*What you have to do*: The copy should begin at the line containing "Abington Center for" and end at the last line of the material. Please reproduce those lines exactly and keep pictures out.

*Information provided*:
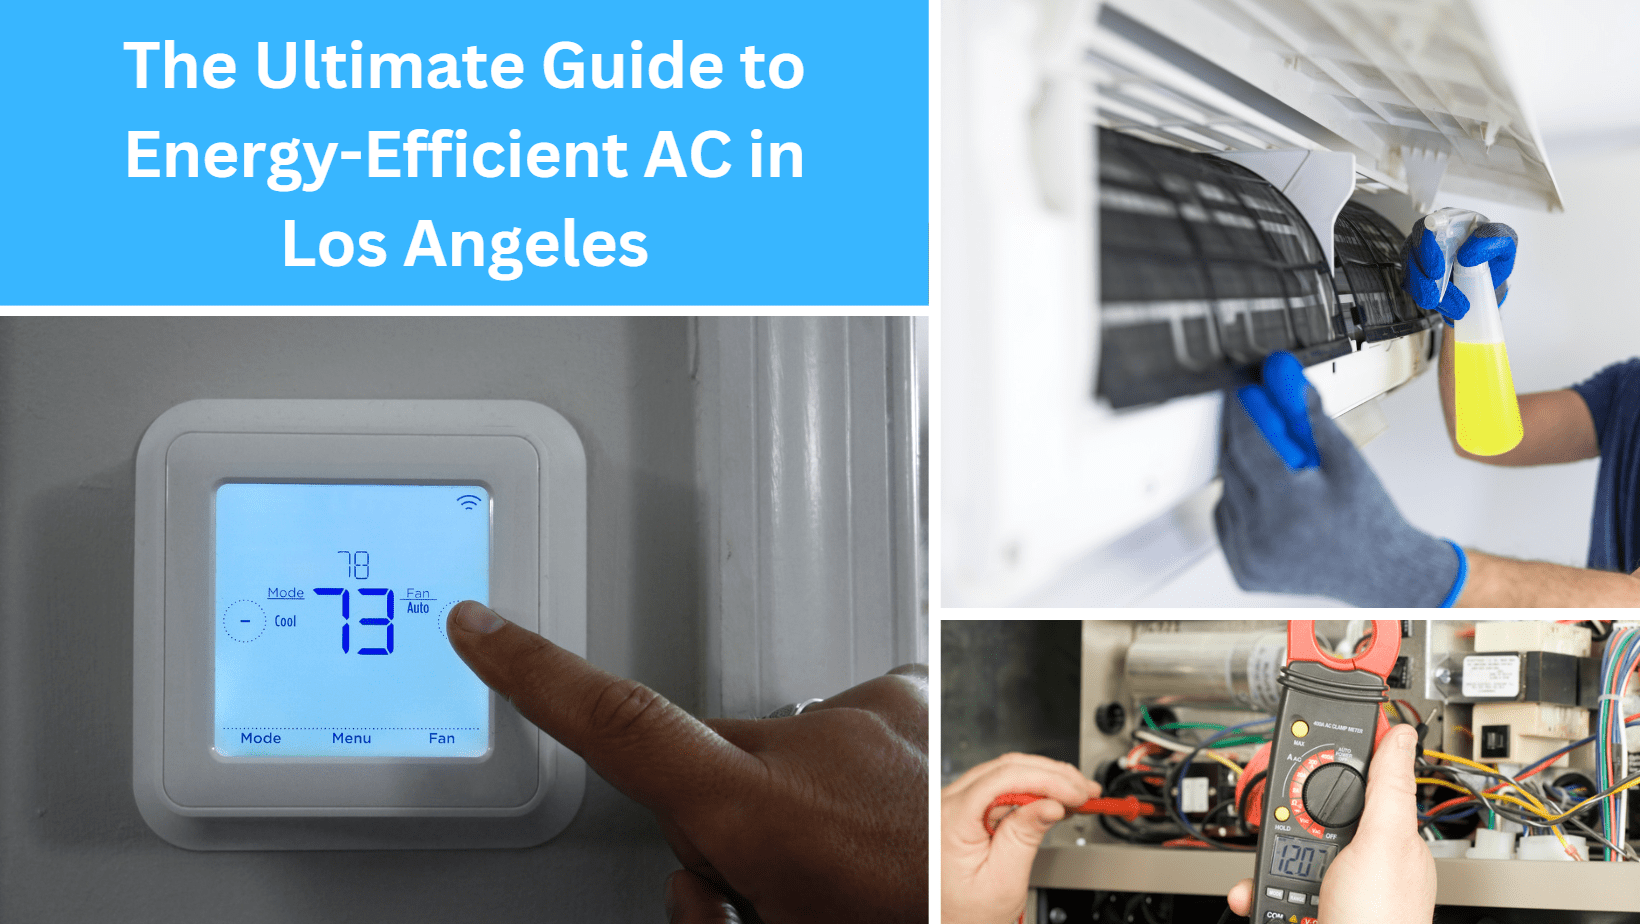 HVAC repair in Los Angeles, Pasadena, North Hollywood, Beverly Hills, Burbank, Alhambra involves expert troubleshooting of common AC not working issues including AC not blowing cold air or central AC not working. Energy-efficient AC in California, smart homes, Alexa, Google, and Apple HomePod integration, Wi-Fi enabled AC units, and thermostats offer a smart, cost-effective solution. Regular HVAC system maintenance, replacing air filters, installing a programmable thermostat, using ceiling fans, blocking out sun aid in efficient AC use. LAHVAC, with professional HVAC repair services and smart home integration, ensures your AC is not blowing hot air. California's energy rebate program for smart, energy-efficient AC systems facilitates affordable HVAC solutions for homes in Hollywood and beyond.
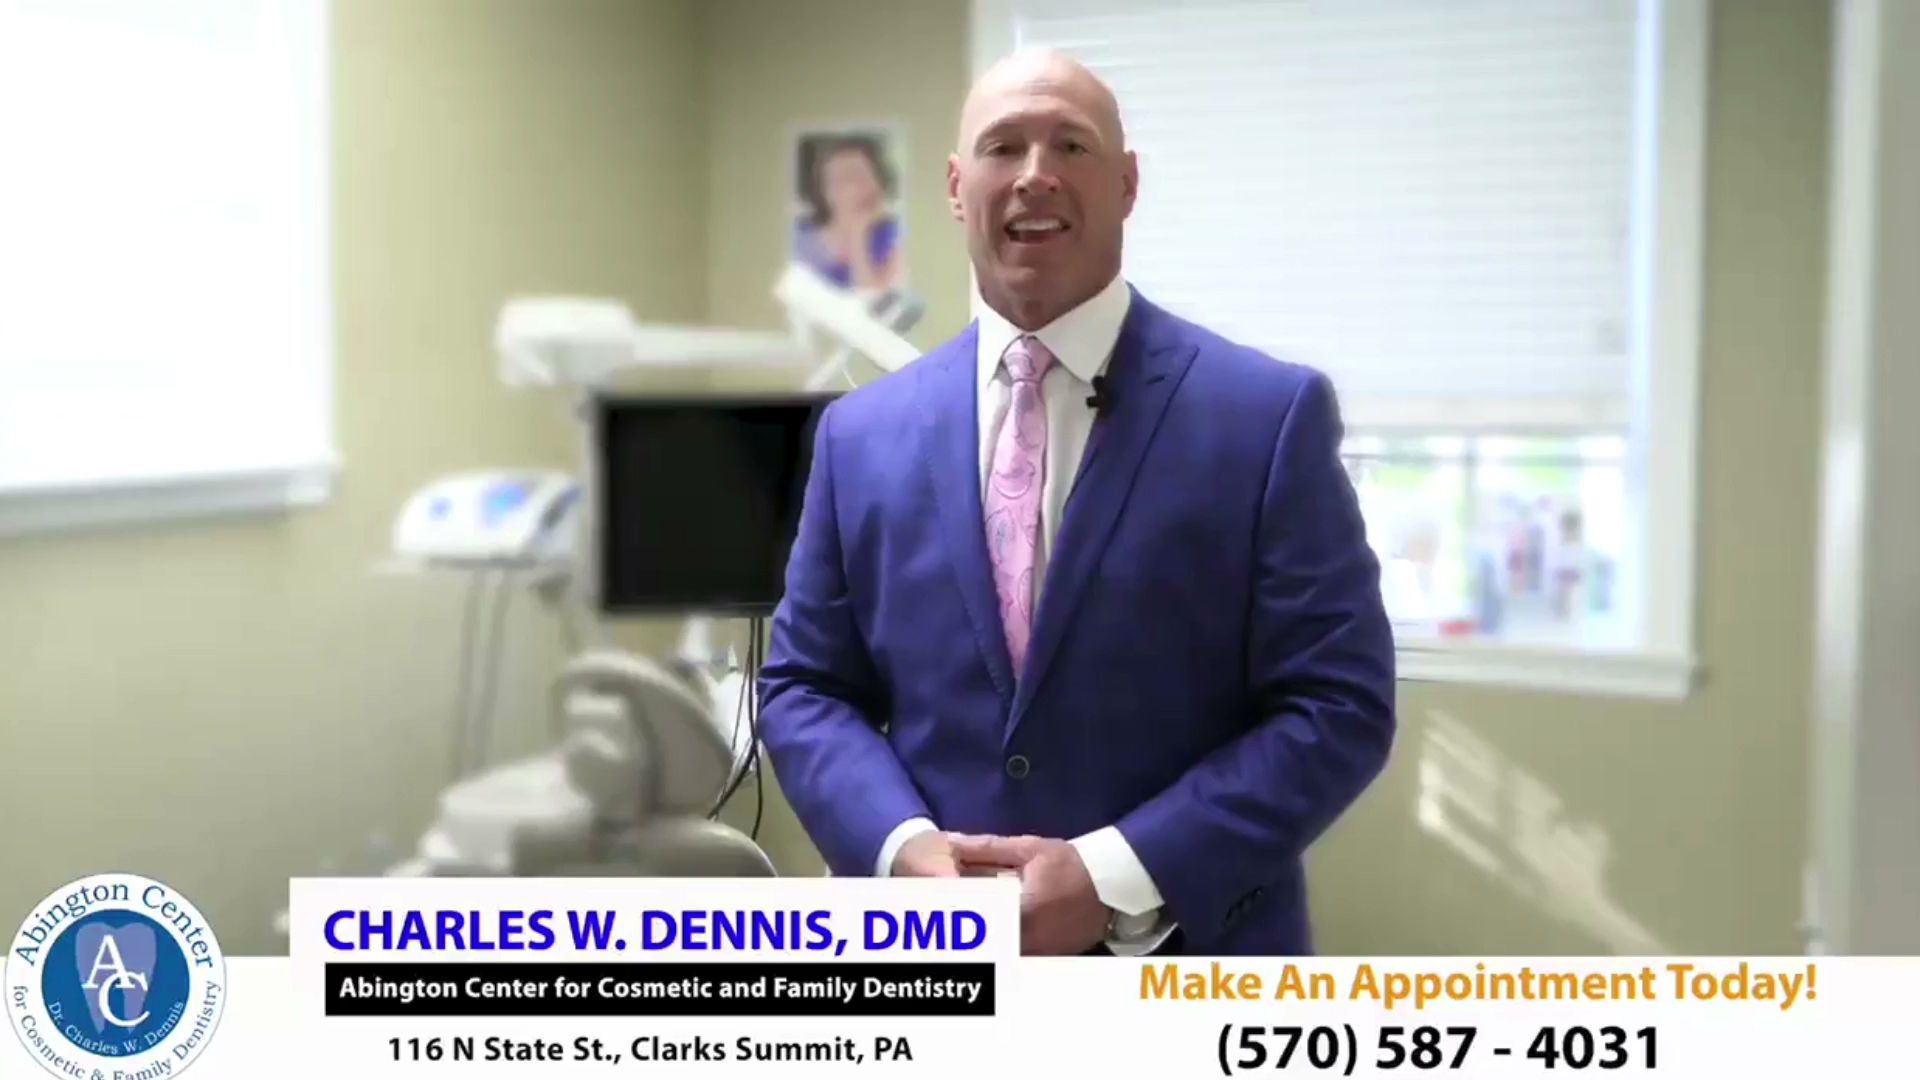 Abington Center for Cosmetic and Family Dentistry: Charles Dennis, DMD
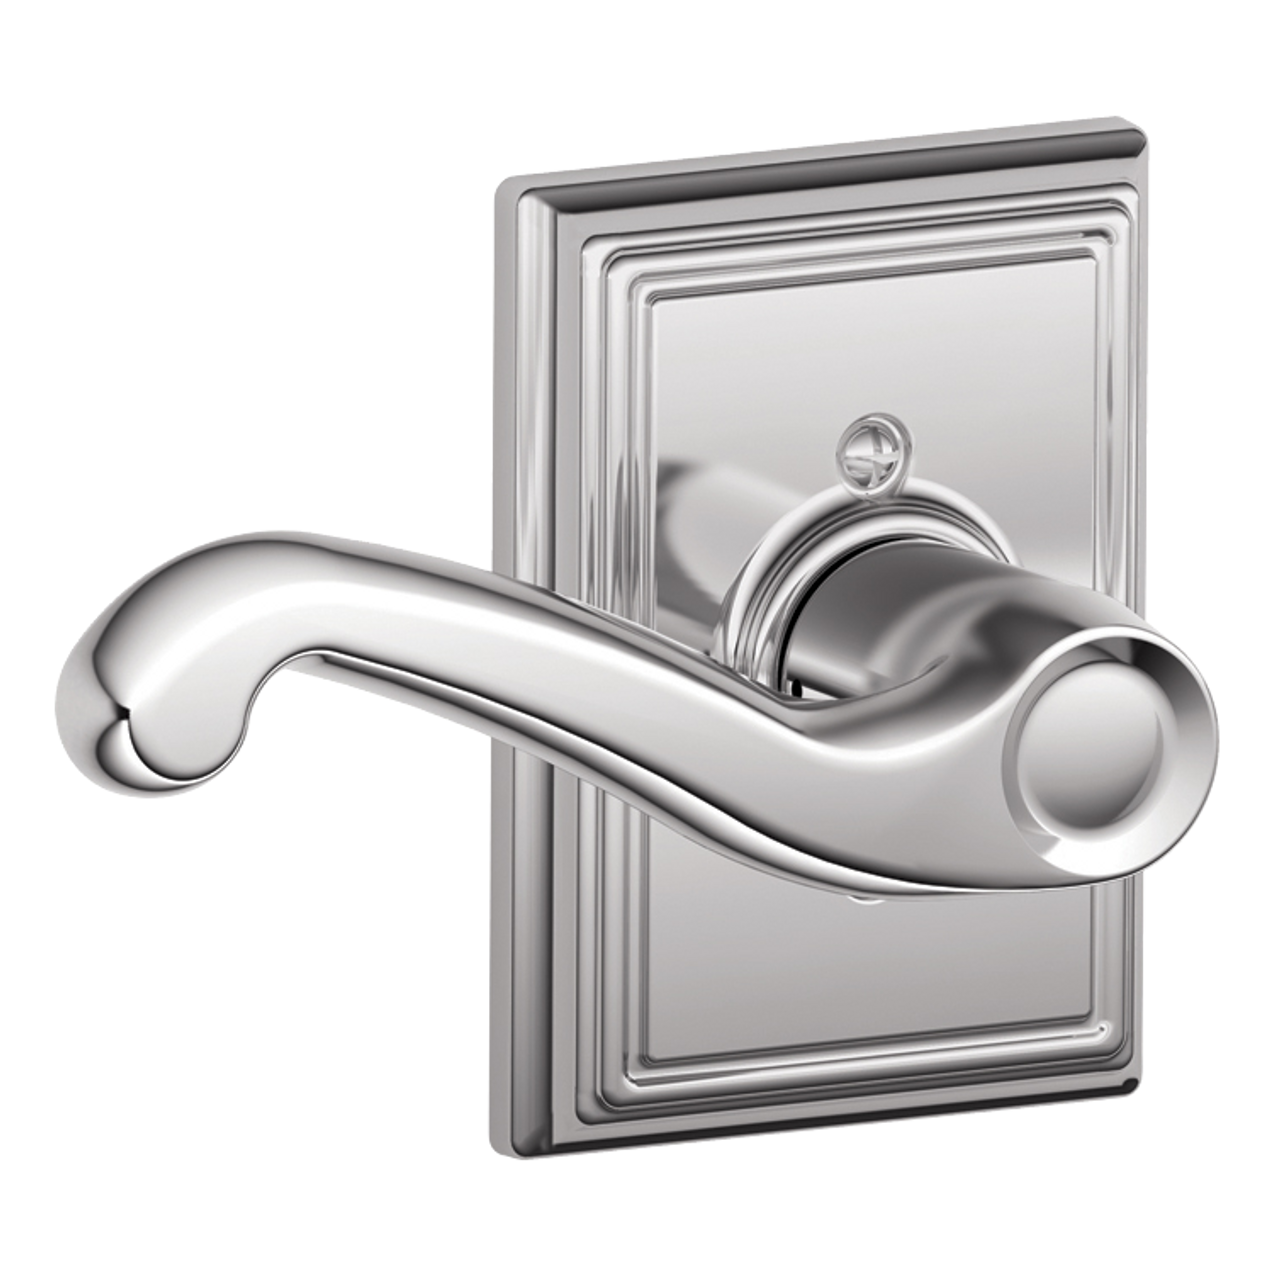 Schlage Flair Lever Non-turning Lock with Addison Trim

*Exercise response*:
 Abington Center for Cosmetic and Family Dentistry: Charles Dennis, DMD
 Schlage Flair Lever Non-turning Lock with Addison Trim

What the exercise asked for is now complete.